多線程之旅之四——淺談內存模型和用戶態同步機制

本文轉載自查看原文 2012-06-26 22:48 2510 多線程

用戶態下有兩種同步結構的

volatile construct: 在簡單數據類型上原子性的讀或者寫操作

interlocked construct:在簡單數據類型上原子性的讀和寫操作

（在這里還是要再啰嗦一句，記住只有操作系統才有辦法阻止一個線程執行，通過無論是I/O中斷還是線程阻塞等方式。)

為了達到原子性操作，上面兩種結構都需要內存地址正確對齊，簡單來說就是對變量有要求，需要變量所在內存地址分別是1、2和4的倍數。
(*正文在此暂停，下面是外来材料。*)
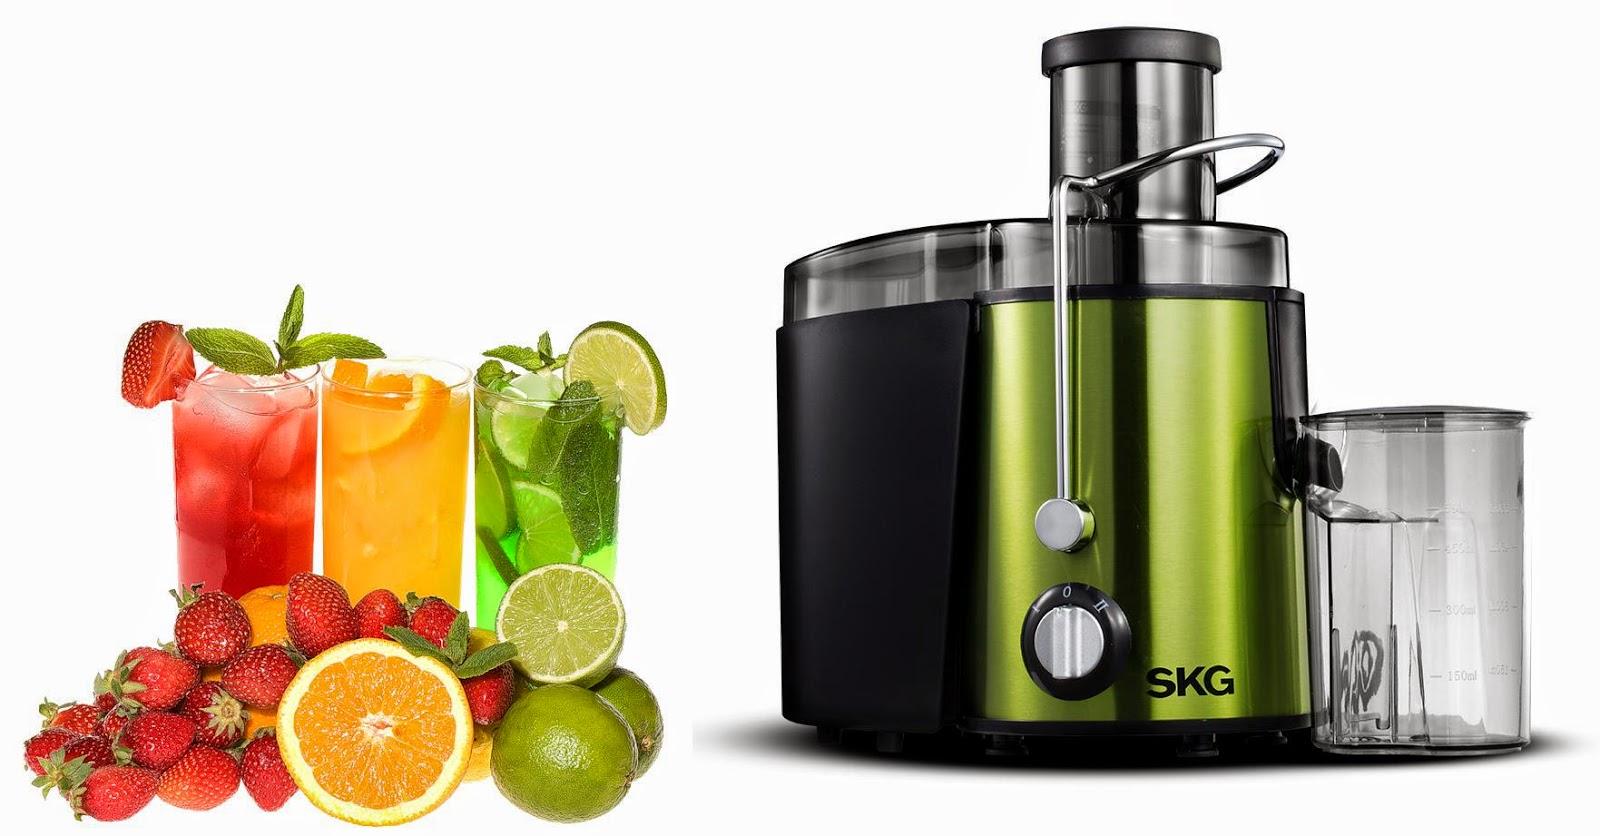 Skg Juicer Slow J 1002 Gold Cheap Top Gs310l Green Review

正常情況下CLR中的變量類型都是字段對齊的，所以這里不展開來說。

我想還是從非常重要的interlocked類開始說起。

System.Threading.Interlocked

Interlocked類中的每個方法都執行一次原子性的讀取以及寫入操作，其中public static Int32 Increment(ref Int32 location)方法是最常用到的方法，后面我在自定一個混合結構鎖的時候就會用到。

下面是這個類的方法的簽名，注釋部分說明的是相對應的同步方法。

public static class Interlocked {  
   // return (++location)  
   public static Int32 Increment(ref Int32 location);  
  
   // return (--location)  
   public static Int32 Decrement(ref Int32 location);  
  
   // return (location1 += value)  
   public static Int32 Add(ref Int32 location1, Int32 value);  
  
   // Int32 old = location1; location1 = value; return old;  
   public static Int32 Exchange(ref Int32 location1, Int32 value);  
  
   // Int32 old = location1;  
   // if (location1 == comparand) location1 = value; 
   // return old;  
   public static Int32 CompareExchange(ref Int32 location1,   
      Int32 value, Int32 comparand);  
   ...  
}

自己實現簡單的Spin Lock,不阻塞線程，但是同時又只有一個線程可以進入臨界域操作。那么其他的線程干什么了呢？肯定沒有阻塞，因為我們沒有使用到內核對象，但是為了不讓他們干擾到我們工作，只能讓它們在“原地打轉”了。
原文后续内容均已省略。